Accordingly, the Company is including within this Current Report on Form 8-K/A the 2007 and 2006 audited financial statements of Monaco as included in their Annual Report on Form 10-K for the year ended December 29, 2007 and interim unaudited financial statements as included in their Quarterly Report on Form 10-Q as of and for the nine-month period ended September 27, 2008. The periods of these financial statements represent the most recent periods prior to Monaco’s severe curtailment of operations and resulting liquidation. Monaco has supplemented the interim unaudited financial statements as of and for the nine-month period ended September 27, 2008 with a description of events transpiring since Monaco’s filing of their Quarterly Report on Form 10-Q for the third quarter in Footnote 12 – Subsequent Events.
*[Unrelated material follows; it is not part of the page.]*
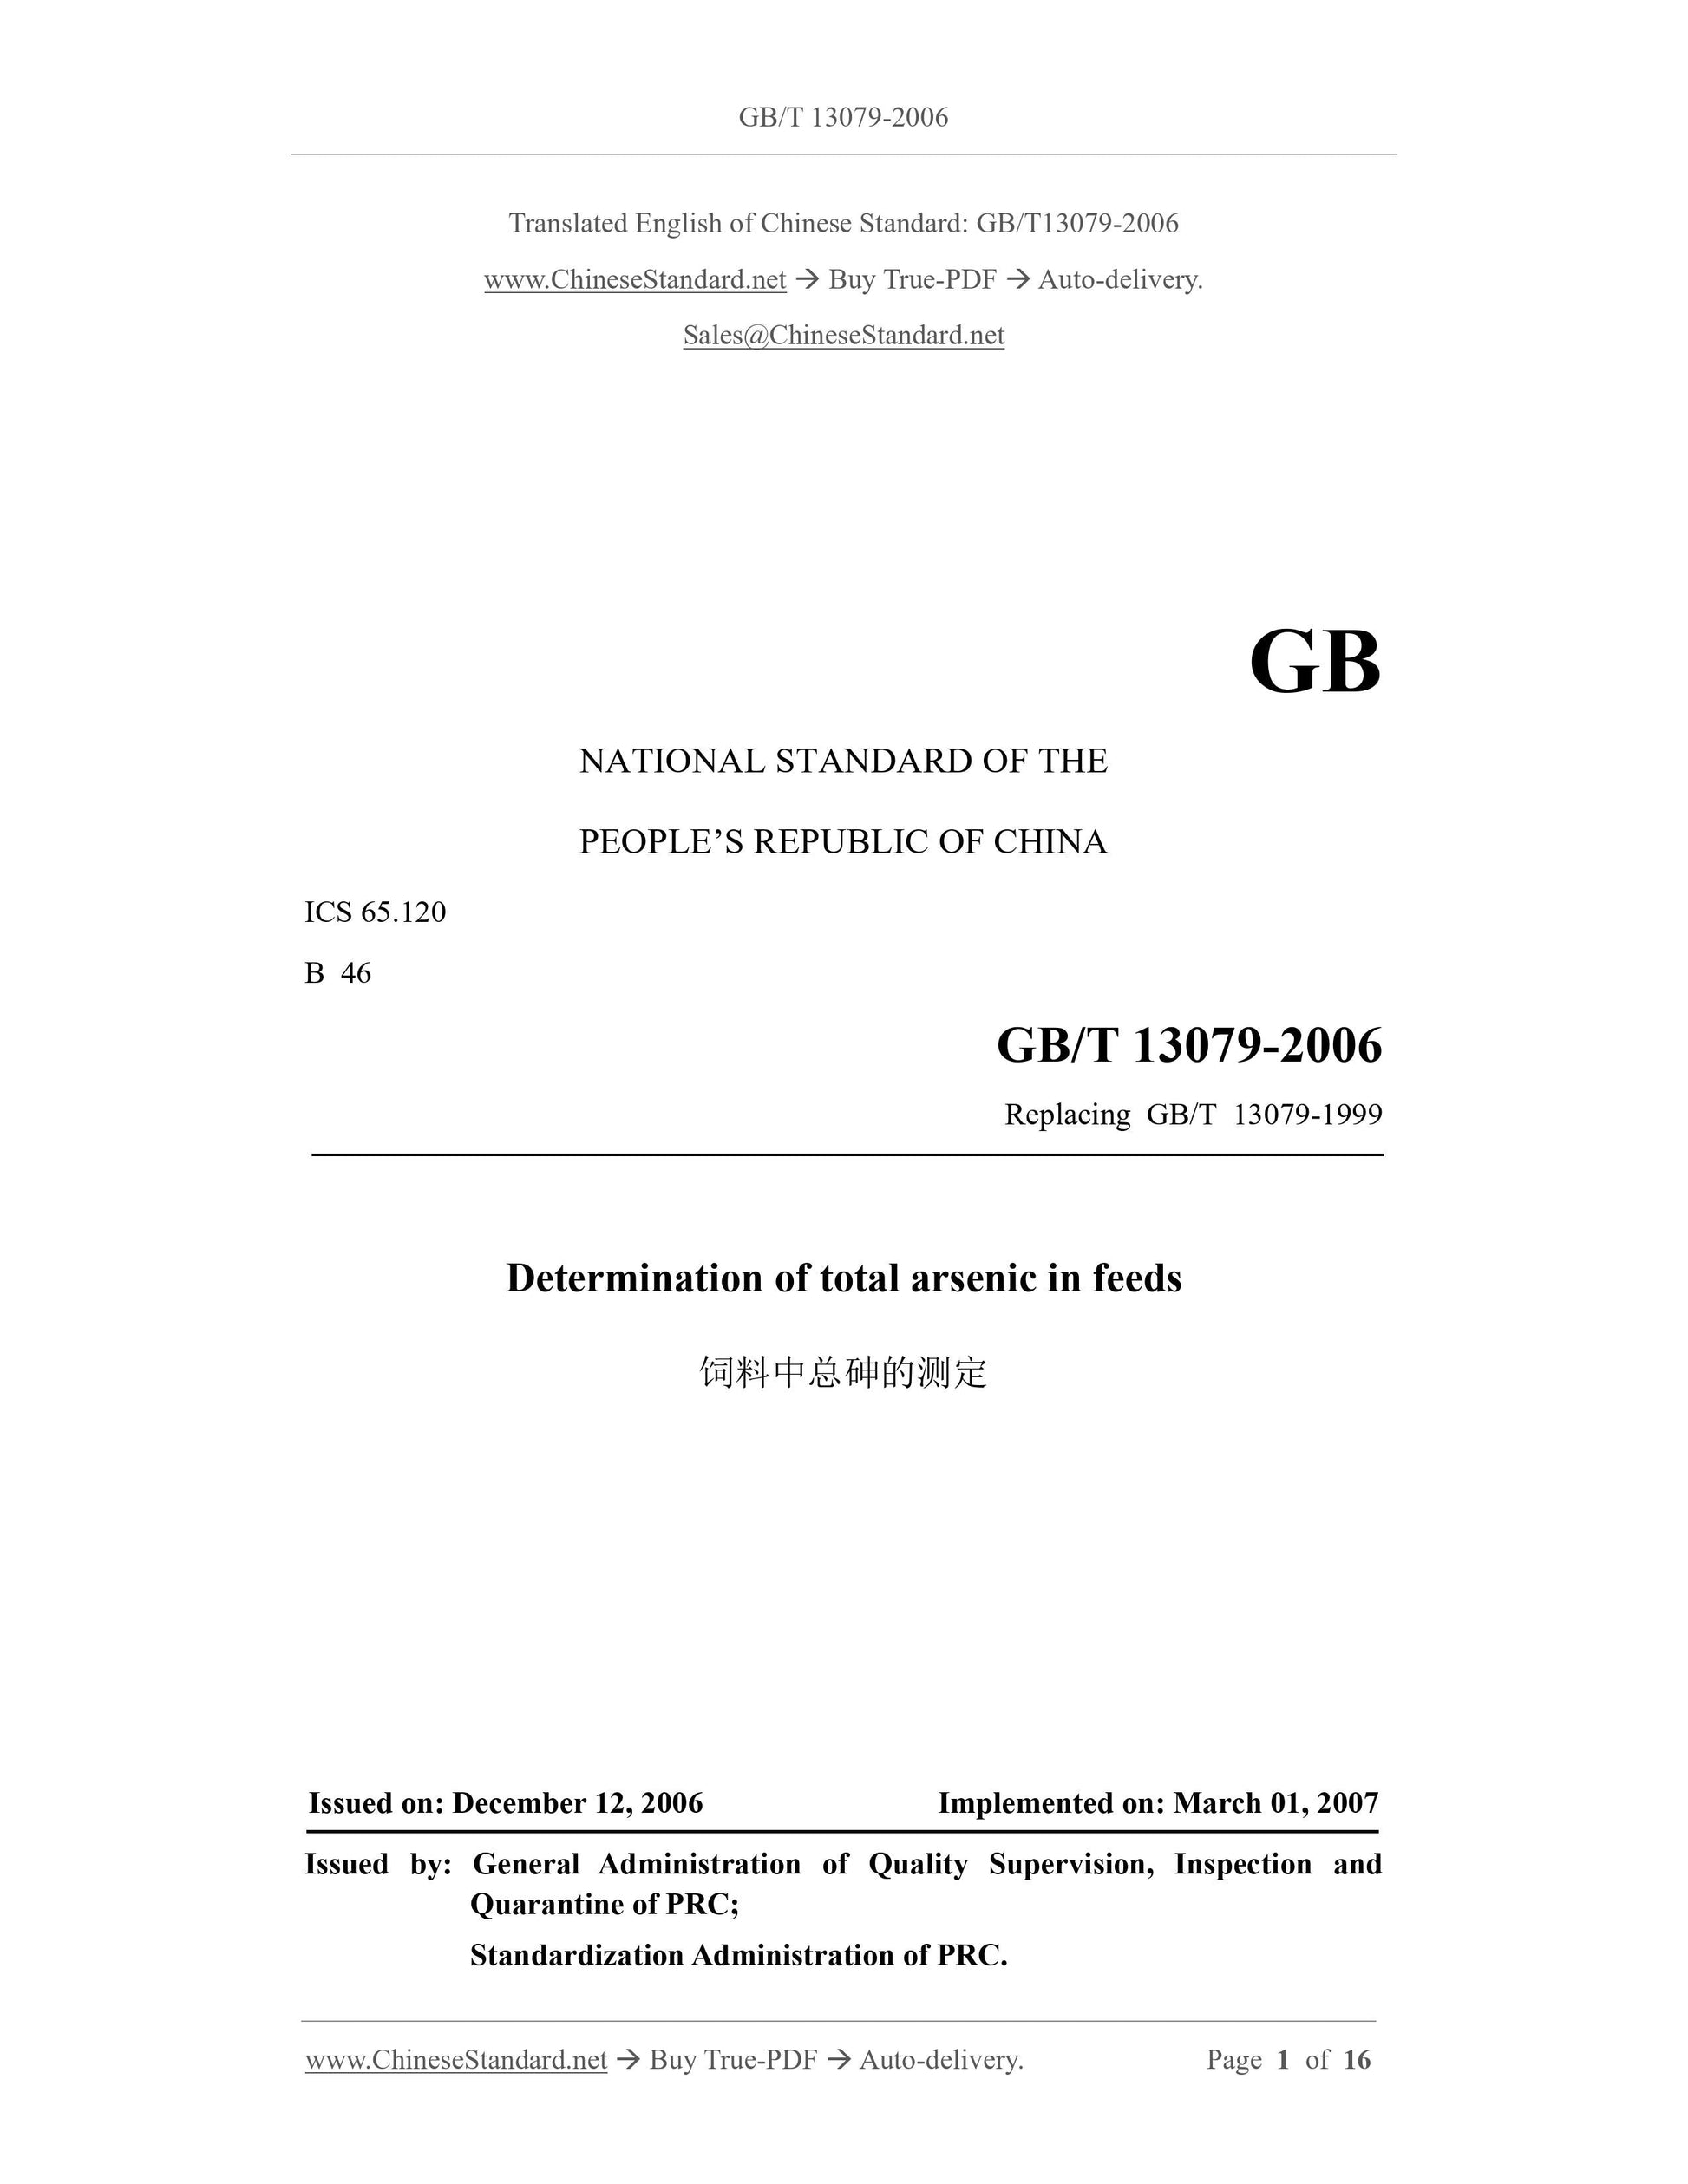 GB/T 13079-2006 Page 1

Within this Current Report on Form 8-K/A, the Company is also filing pro forma financial information based on Navistar’s fiscal year ended October 31, 2008 and Monaco’s financial information for the twelve-month period ended September 27, 2008. The periods of this pro forma financial information represent the most recent periods prior to Monaco’s severe curtailment of operations and resulting liquidation, and more closely align to the Company’s fiscal year-end.

Based on recent performance and market conditions, the Company does not expect the results of the acquired business to be material to Navistar’s near-term future results of operations.

 

ITEM 9.01 FINANCIAL STATEMENTS AND EXHIBITS

 

(a) Financial Statements of Businesses Acquired

 

  1) The audited financial statements of Monaco Coach Corporation with consolidated balance sheets as of December 29, 2007 and December 30, 2006 and consolidated statements of income, stockholders’ equity and cash flows for each of the two years in the period ended December 29, 2007, including the report of the independent registered public accounting firm, are filed as Exhibit 99.1 to this Amendment No.1.

 

  2) The unaudited financial statements of Monaco Coach Corporation for the nine-months ended September 27, 2008 are filed as Exhibit 99.2 to this Amendment No.1.

 

(b) Pro Forma Financial Information

 

  1) The required pro forma financial information for the year ended October 31, 2008 is filed as Exhibit 99.3 to this Amendment No.1.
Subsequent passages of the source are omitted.